Integration with MLflow #353

thunterdb · 2019-05-19T22:26:13Z

This PR adds basic integration with MLflow, so that models that have the pyfunc flavor (which is, most of them), can be loaded as predictors. These predictors then works on both pandas and koalas dataframes with no code change. See the documentation example for details.

The goal of this PR is to introduce a simple interface for ML models, but keeping this dependency optional so that the base installation has minimal dependencies.

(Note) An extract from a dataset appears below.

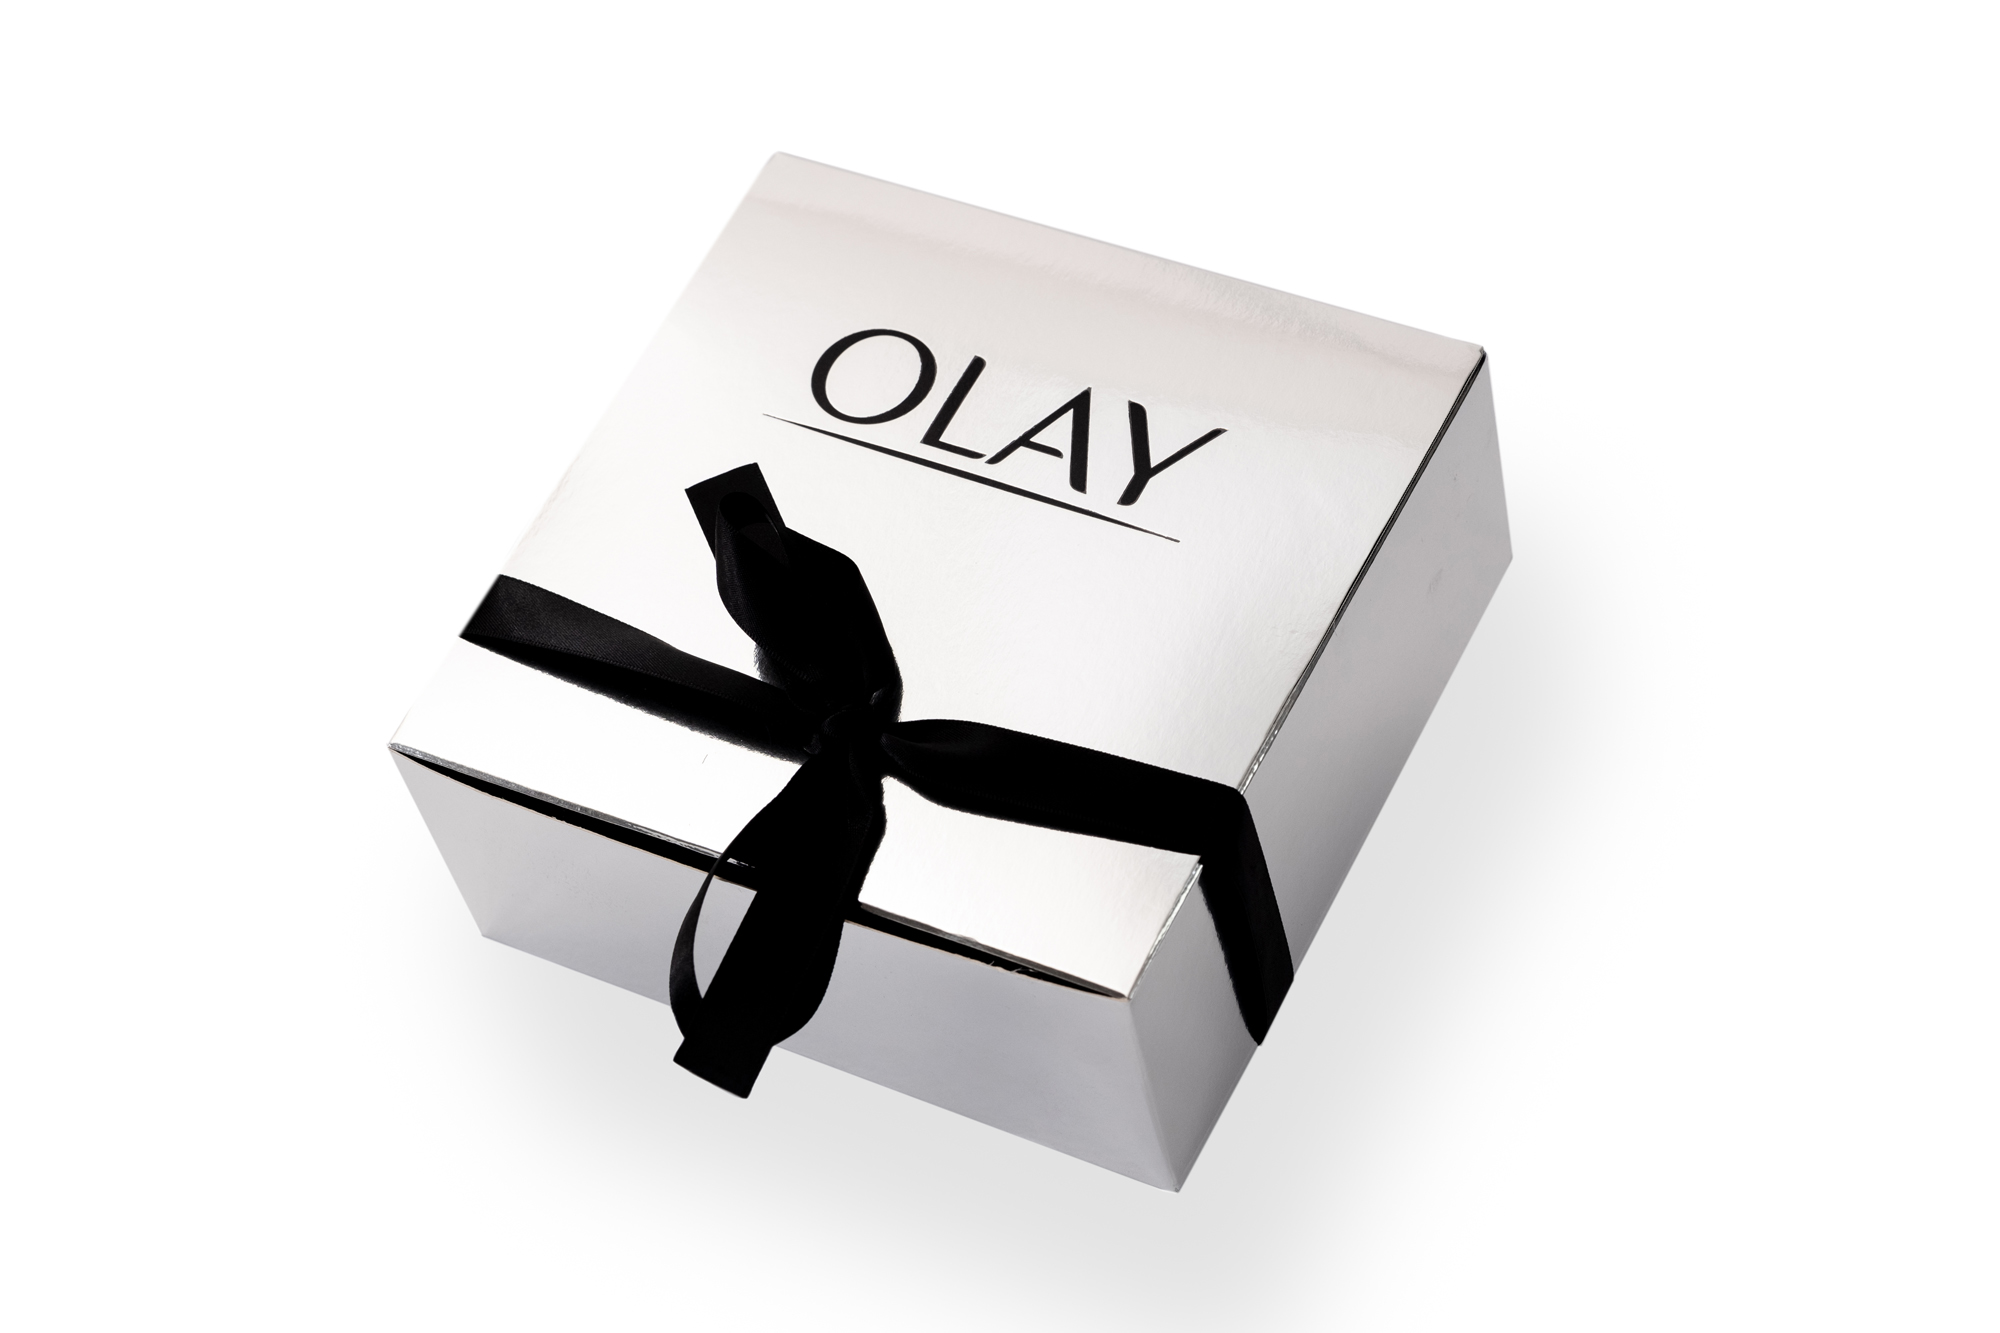 Olay Print for Packaging

Note: travis uses pip because no version of mlflow is published in conda-forge for python 3.5

codecov-io · 2019-05-19T23:17:24Z

Codecov Report

Merging #353 into master will increase coverage by <.01%.
The diff coverage is 95.23%.

@@            Coverage Diff             @@
##           master     #353      +/-   ##
==========================================
+ Coverage   94.74%   94.75%   +<.01%     
==========================================
  Files          41       42       +1     
  Lines        4513     4554      +41     
==========================================
+ Hits         4276     4315      +39     
- Misses        237      239       +2

Impacted Files	Coverage Δ
databricks/koalas/frame.py	`95.54% <100%> (ø)`	⬆️
databricks/koalas/mlflow.py	`95.12% <95.12%> (ø)`

Continue to review full report at Codecov.

Legend - Click here to learn more
Δ = absolute <relative> (impact), ø = not affected, ? = missing data
Powered by Codecov. Last update 10db730...8fc73a8. Read the comment docs.

rxin · 2019-05-22T19:58:07Z

This is super cool.

databricks/koalas/mlflow.py

setup.py

databricks/koalas/mlflow.py

HyukjinKwon · 2019-05-23T02:36:11Z

.travis.yml

@@ -59,6 +59,7 @@ install:
  - conda config --env --add pinned_packages pyarrow==$PYARROW_VERSION
  - conda install -c conda-forge --yes codecov
  - conda install -c conda-forge --yes --file requirements-dev.txt
+  - pip install mlflow


Out of curiosity, Is mlflow not in conda? If it;s uploaded, we can just write it into requirements-dev.txt.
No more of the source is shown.